Finalement, ce lundi 31 août, le tribunal administratif de Caen a suspendu la décision du maire de censurer le cliché, après la saisie de l’Observatoire de la liberté de création.
À Strasbourg, l’agenda culturel retiré en urgence
Une autre censure liée à la question palestinienne a eu lieu du côté de Strasbourg. Un dessin représentant une rue animée, réalisé par l’artiste Magali Attiogbé, avait été choisi pour illustrer la couverture de l’agenda culturel des médiathèques de la ville. Mais sur l’image, en arrière-plan, un tag minuscule sur le béton gris d’un immeuble «Stop génocide» a fait dégoupiller la municipalité socialiste. La maire PS Trautmann a fait remplacer en urgence la couverture, et fait jeter les 13.000 exemplaires déjà imprimés avec le dessin de Magali Attiogbé. Pas très écologique.
En octobre 2023 Catherine Trautmann, qui siégeait alors dans l’opposition avec la droite et les macronistes au conseil municipal, avait dénoncé le choix de la maire écologiste de retirer le drapeau Israélien du fronton du bâtiment, sans aucun mot pour la souffrance des Palestiniens.
En mars 2026, lors des dernières élections municipales la candidate du PS s’alliait avec Pierre Jakubowicz, membre du Parti Horizons d’Édouard Philippe et connu pour ses prises de positions anti-palestiniennes, face à la maire sortante Jeanne Barseghian, constituant un front anti-LFI assumé. Elle avait même reçu le soutien du RN par l’intermédiaire du raciste Julien Oudoul qui tweetait : «À titre personnel, si j’étais électeur à Strasbourg, sachant que le RN n’est pas qualifié pour le 2nd tour, je ferais barrage à la meute LFI, antisémite et ultra-violente, en votant pour Catherine Trautmann». Rien d’étonnant donc que le camp de la réaction à Strasbourg censure une artiste qui fait référence au drame palestinien dans une illustration.
L’invisibilisation ne fonctionne plus
En décembre 2025, une galerie d’art parisienne avait subi une intimidation et été dégradée lors de l’accueil d’une exposition autour de la Palestine. Sur la devanture, des tags « Israël vaincra » et « Hamas viole » avaient été inscrits à la bombe de peinture.
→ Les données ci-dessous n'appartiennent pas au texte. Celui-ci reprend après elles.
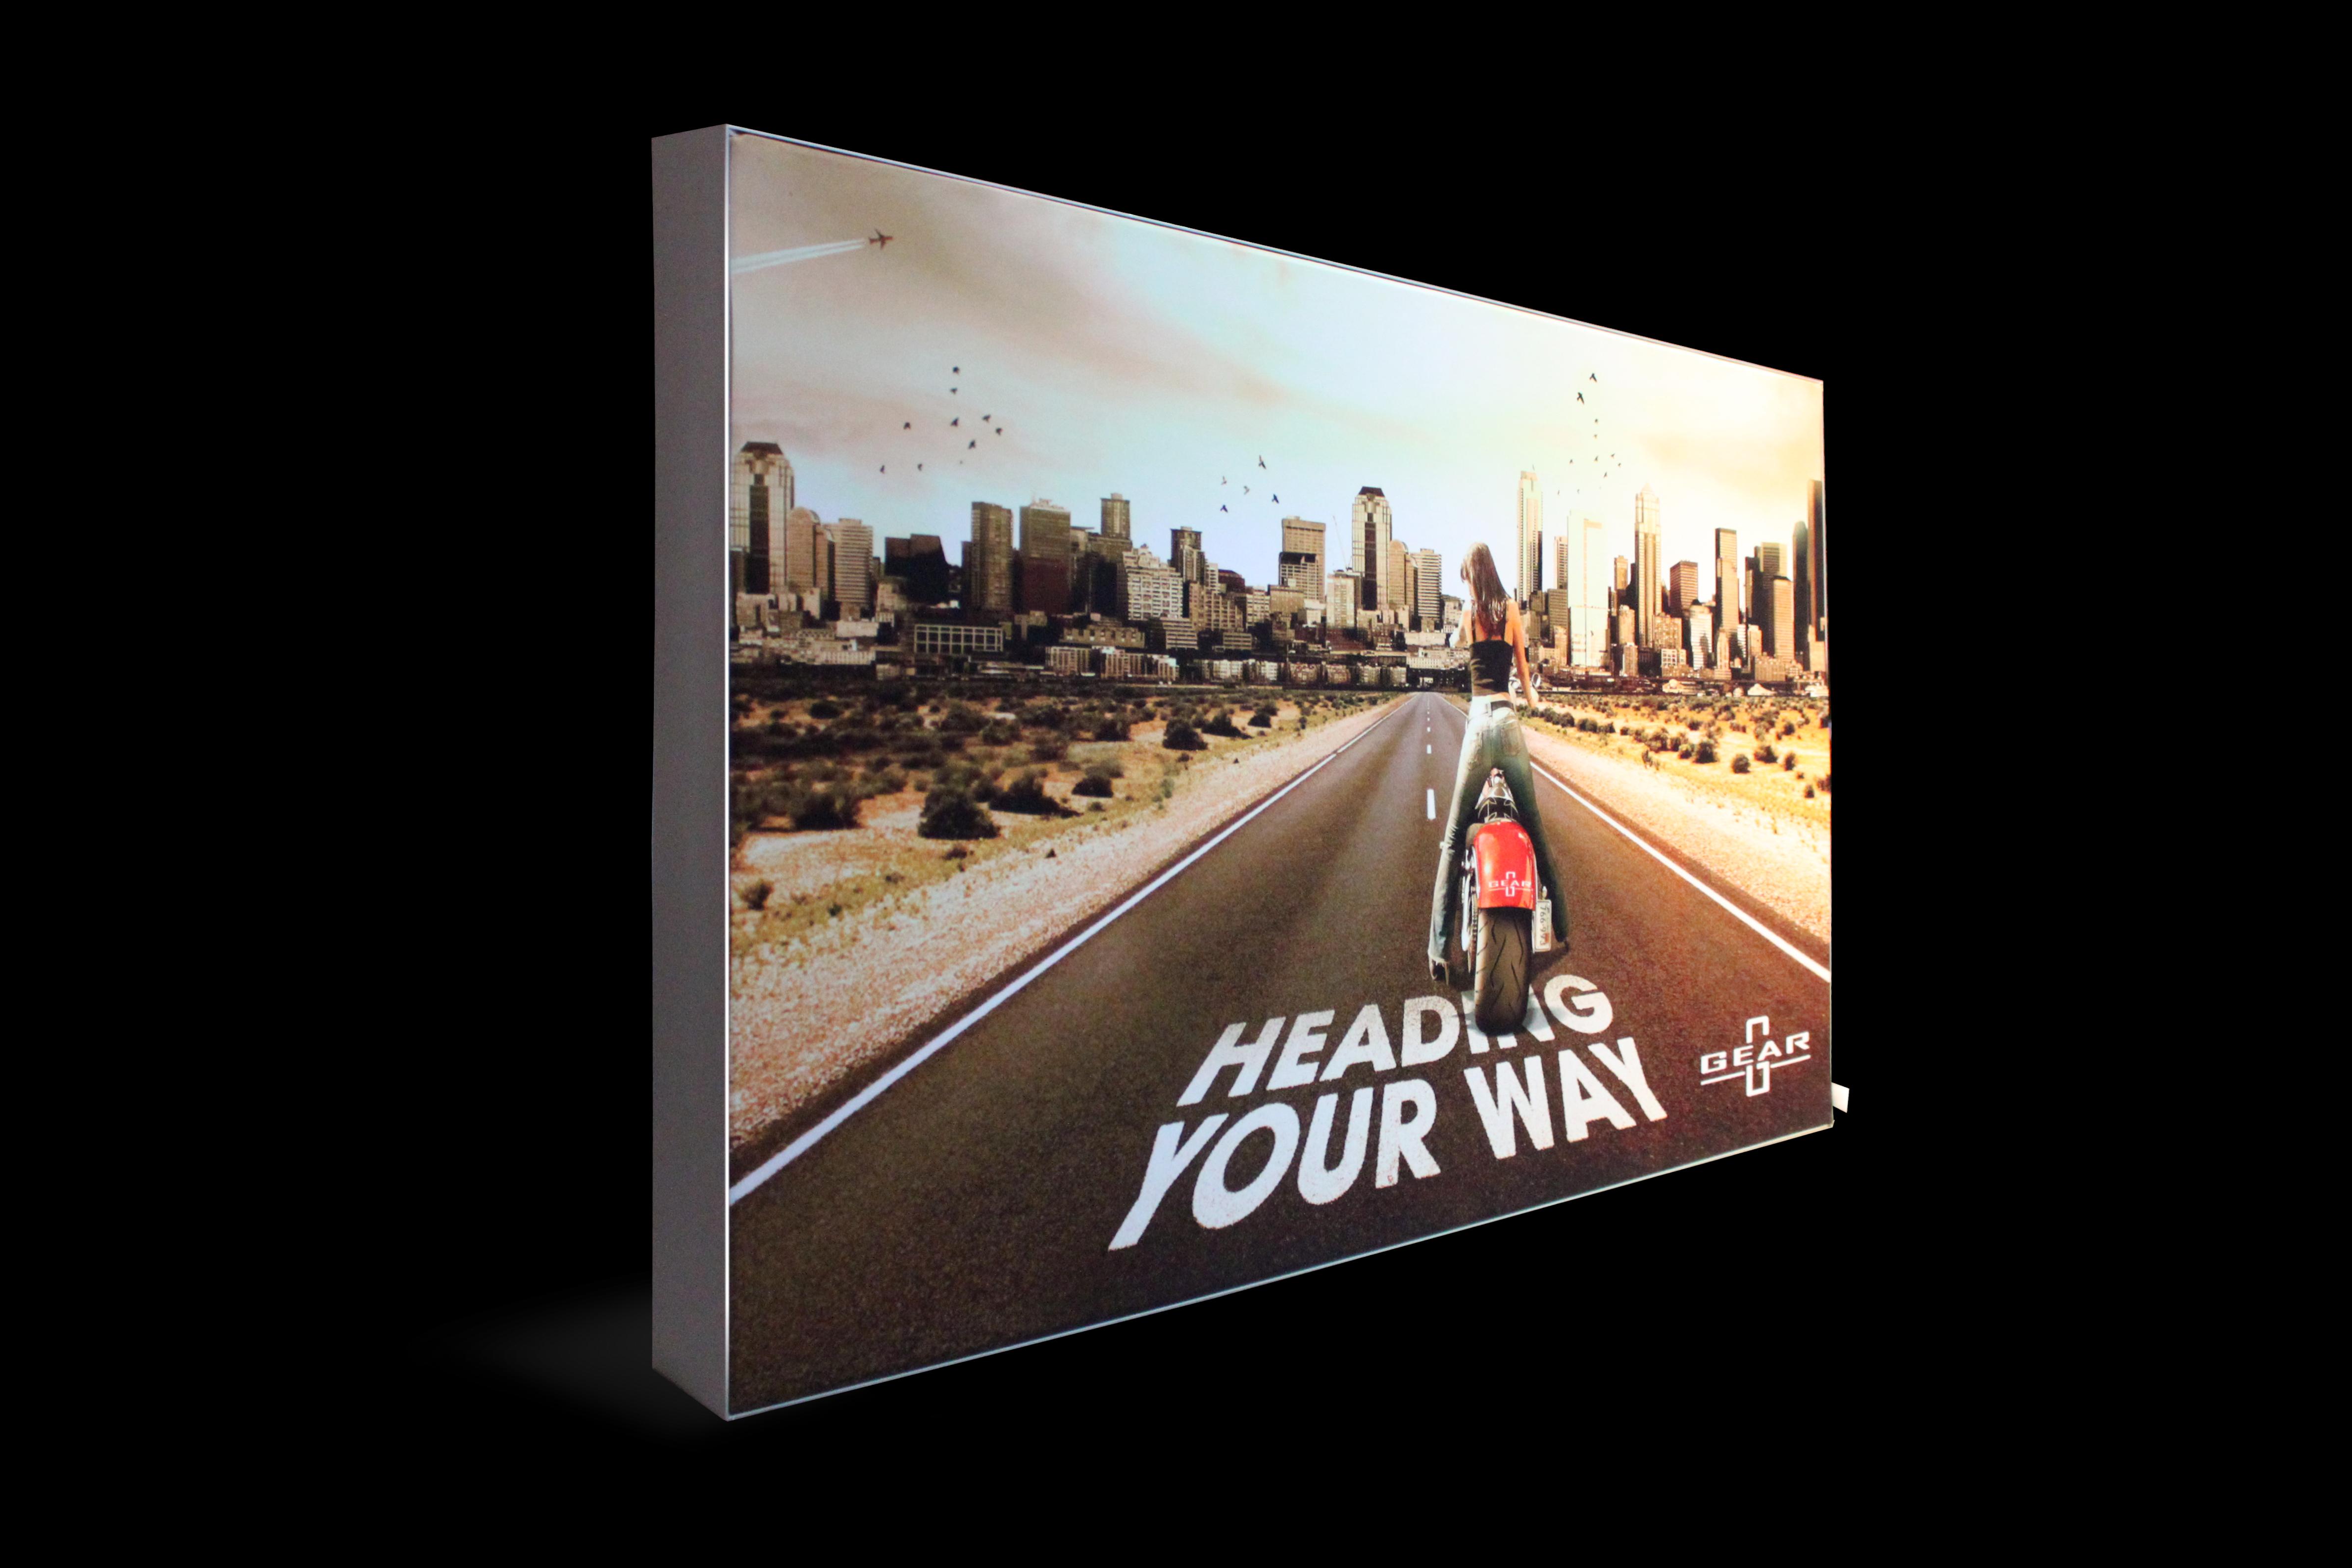 diy advertising led frameless light box design,Welcome to

À Marseille, Nantes et ailleurs, des fresques de soutien à la Palestine et des drapeaux palestiniens peints sur des escaliers et des façades avaient été effacées en un temps record par les services de nettoyage des mairies. À Paris, des œuvres murales pour Gaza avaient été vandalisées par des milices pro-Israël.
Pendant que les génocidaires bénéficient de tous les relais politiques et médiatiques, la cancel culture frappe systématiquement les voix de la Palestine. La moindre expression artistique de soutien est attaquée, et la simple exposition d’images montrant la réalité à Gaza est considérée comme intolérable. La censure de ces images s’inscrit dans un contexte de criminalisation généralisée du mouvement palestinien en France, des interdictions de manifestations et de conférences en passant par les gardes à vue et procédures pour « apologie du terrorisme ». Mais cela ne fonctionne plus : à nous de visibiliser massivement toutes ces créations interdites.